SHANE Howard is aiming high – and long.
The reigning Ireland long jump champion is hell bent on running faster and then jumping longer than ever before.
He wants to break the magical eight-metre barrier, but has a distance to cover to get there. Howard’s current outdoor PB is 7.61m set in June 2019, but it’s waiting to be broken. And ahead of the national senior championships later this month, the signs are encouraging for the Bandon AC star.
‘Everything in training is tracked,’ he explains, ‘and my jumps are up, my speed is up, so it’s pushing in the right direction.
‘It’s definitely there, I just need that one lucky day to get it. Sometimes that’s all it is when it comes to field events, to get that one good jump or that one good throw.’
Howard was confident he would smash his PB last year, but then the pandemic struck, turned the year upside down and when competitions returned last August his form was tailing off. He wants to reach that eight-metre mark, and if he does doors will open.
‘The national championships are the big one, but for me the main goal this year is definitely to break my PB and keep stepping up and pushing on for next year,’ the 26-year-old explains.
‘The big championships this year are the Olympics but that’s out of my reach but looking to next year there are the European senior championships. If the qualifying standard stays the same, it’s 7.95m so I need to push to get there and to get to that eight-metre mark – that’s the gold standard for any long jumper.
‘I want to step up into the 7.70s, 7.80s and push on from there.’
Right now, ahead of the national championships, defending long jump champion Howard feels everything is moving in the right direction. He jumped a season’s best of 7.42m at the recent Belfast Irish Milers Meet before he jumped even longer, 7.49m, at the AAI Games in Dublin last weekend.
There are a lot of pieces to the long jump jigsaw – the run up, the take off, the flight and the landing – and they are falling in place for Howard.
‘Speed is a big aspect to it. You have to have speed, otherwise you are going nowhere,’ the Rathcormac man explains, and he can cover the ground quickly as his 100m PB of 10.88 proves. In the run up, Howard needs to get as close as he can to his maximum controllable speed. It’s similar, he explains, to the start of a sprint race, that acceleration into the running before running taller close to the take-off board.
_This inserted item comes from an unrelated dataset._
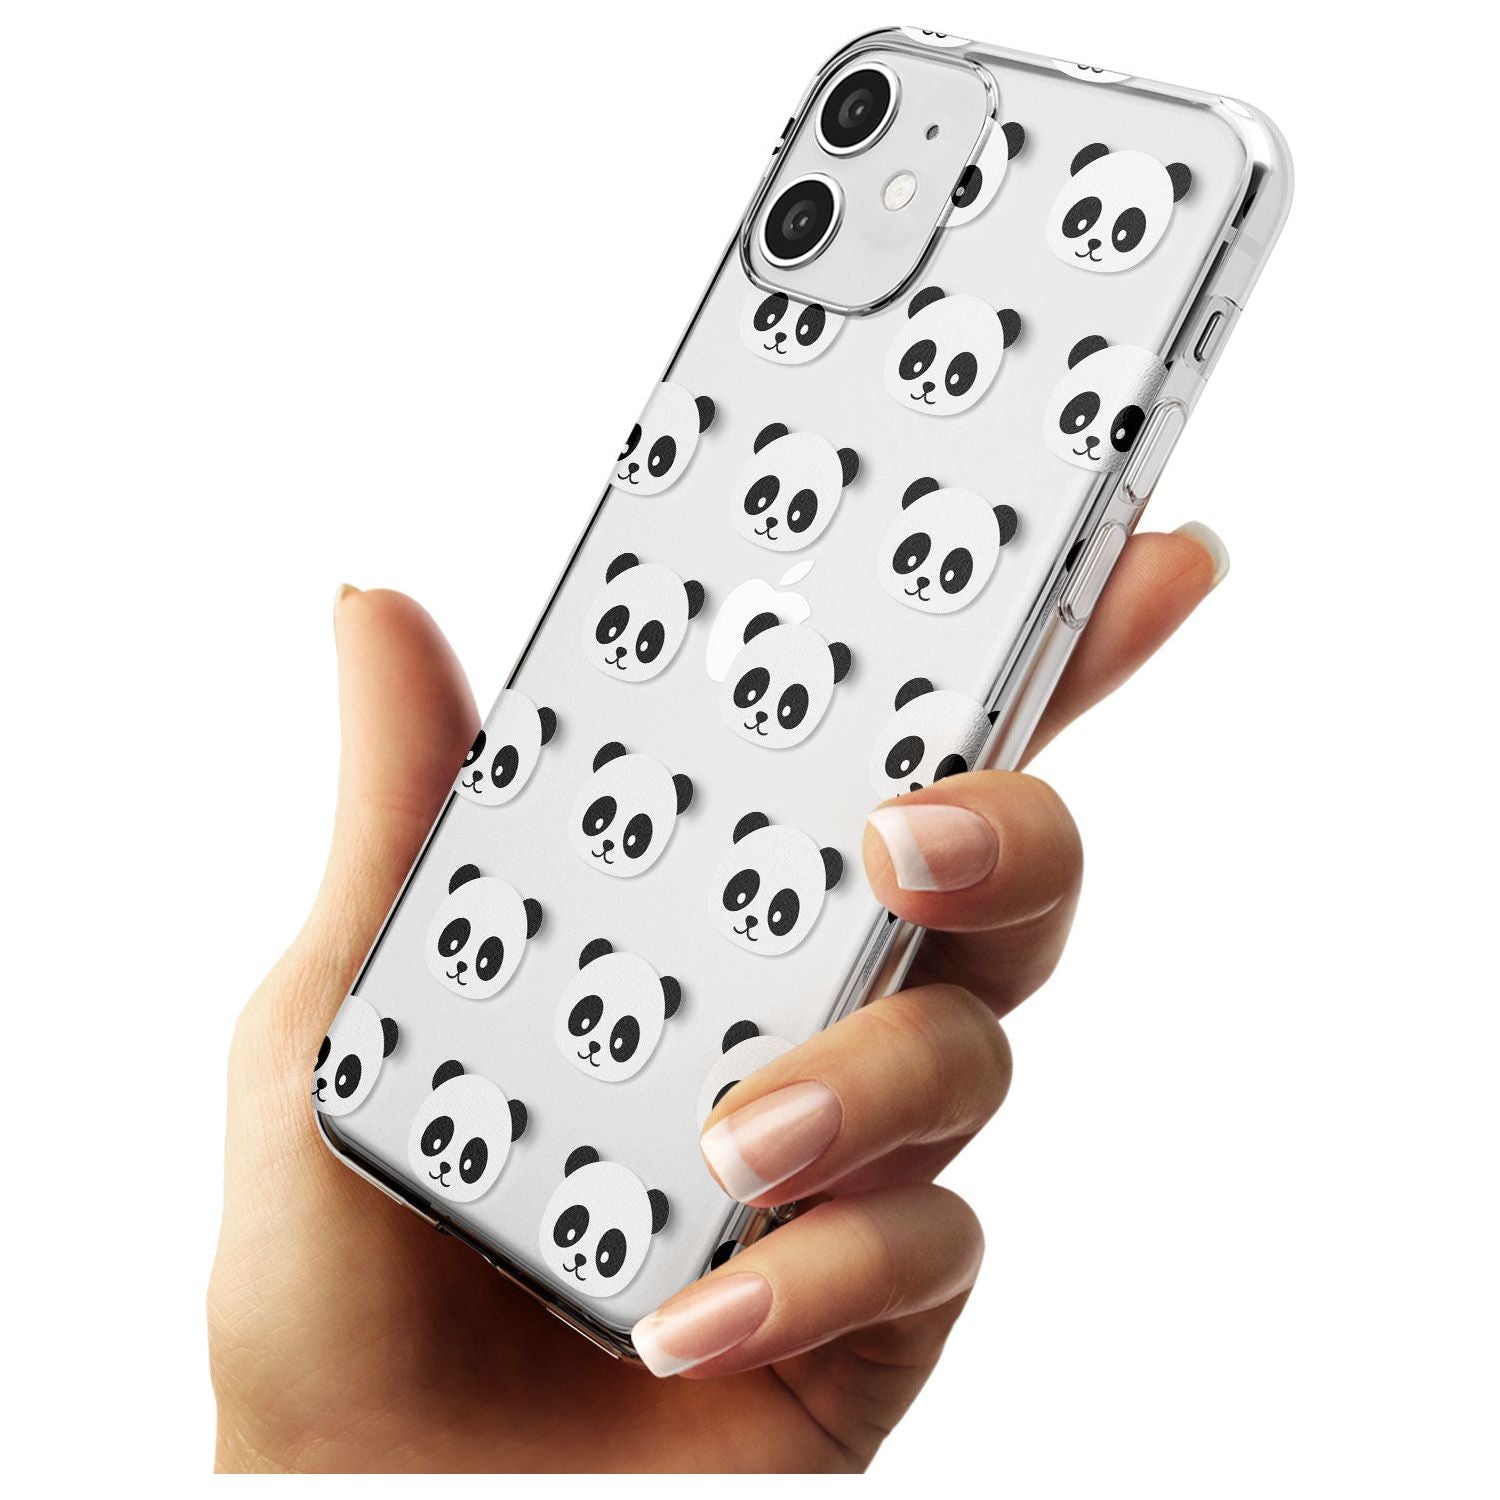 Panda Face Pattern Black Impact Phone Case for iPhone 11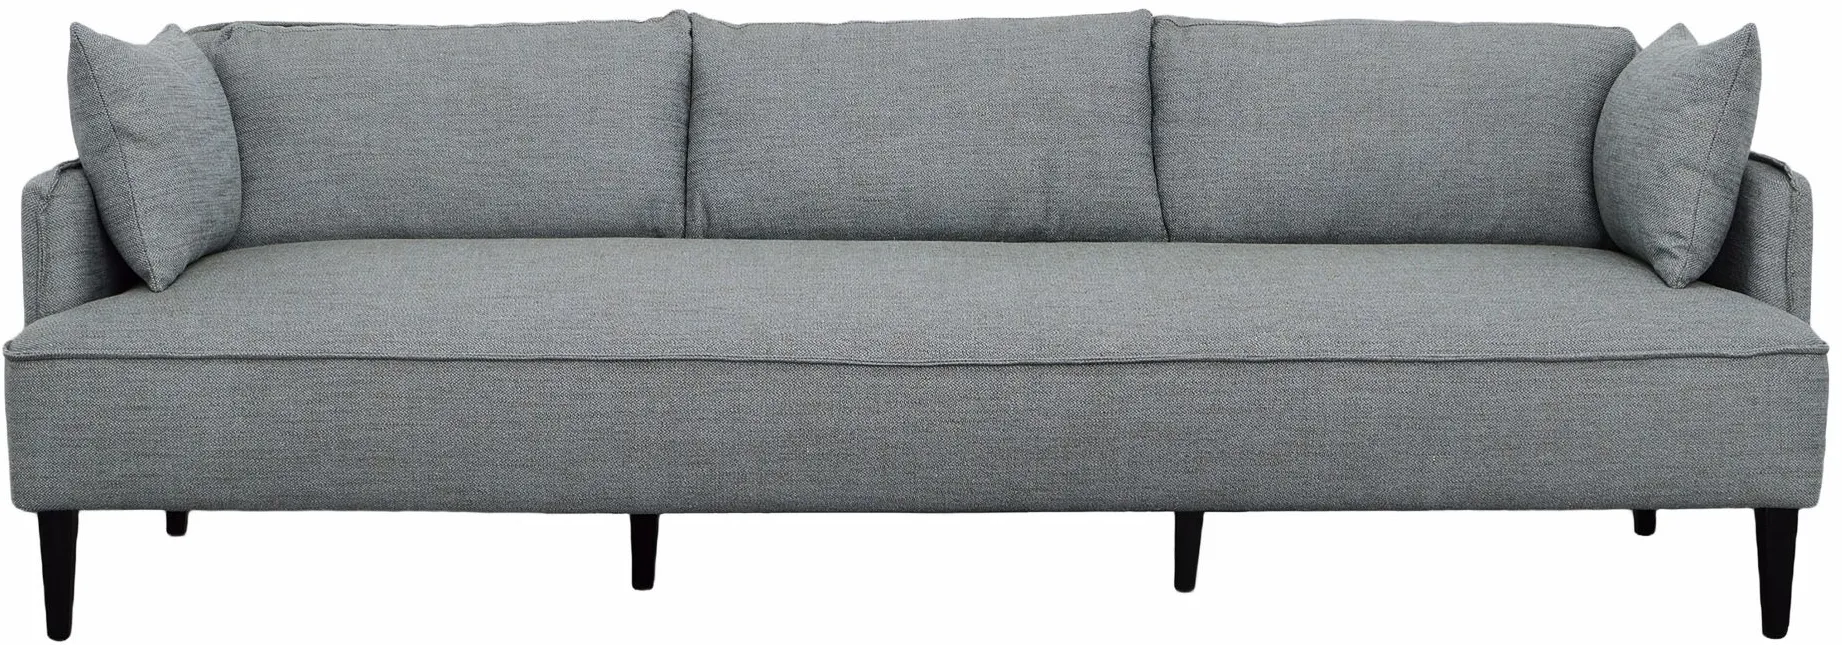 Paris Bench Sofa in Gray by Bellanest

The take off is key, Howard stresses. This is where it gets technical, too, and he enjoys this aspect of the long jump. Working as a senior project engineer at Stryker in Cork city, he likes problem solving – and it’s a talent he also puts to good use outside of office hours. He had to. In late 2019, because of osteoarthritis in his left foot – his jumping foot – he changed his jumping foot to his right. For a long jumper, that’s a big deal. But he took it in his stride and found a new rhythm to ensure he hits the take-off board exactly where he needs to, to convert his horizontal speed to a vertical lift.
‘The technical side attracted me to the long jump. There is a lot of work that we do in the winter, in and around take-offs and technique. That’s a big part of it for me, I enjoy that, and constantly improving that and getting better,’ he says, before explaining the importance of the take off.
‘Your take off is going to dictate everything in your jump,’ he stresses.
‘There is not a whole pile you can do in the air that is incorrect. If you get a good take off you are just going to travel through the air. The take off is crucial to use that speed that you are coming in with, to get into the air and get that distance.’
Being blessed with a natural spring helps Howard at the take off. The flight stage is directly linked to the first two parts, run up and take off. Get those right, and a long jumper will soar through the air, before the landing. Hands over his head, Howard’s heels are first to hit the sand and then he needs to move his body around that mark.
‘Generally, it happens so fast, you are just in autopilot,’ he says.
‘I can only think of one thing in my jump, otherwise it’s too much to get right for competition.’
In recent years, Howard has got it right on the big stage. He won his first senior national title in early 2019 when leaping to Irish indoor glory. Howard followed up with his first senior outdoor title that summer to become the undisputed Irish king of the long jump. Last year he defended his outdoor national title, so he’s going for a hat-trick later this month.
He’s hoping for nice, warm weather at the national championships at the Morton Stadium in Santry. A light breeze would help too, he smiles, but once it doesn’t go over two metres per second. With the right conditions, Howard’s confident he can break his PB and keep moving onwards, upwards and flying high.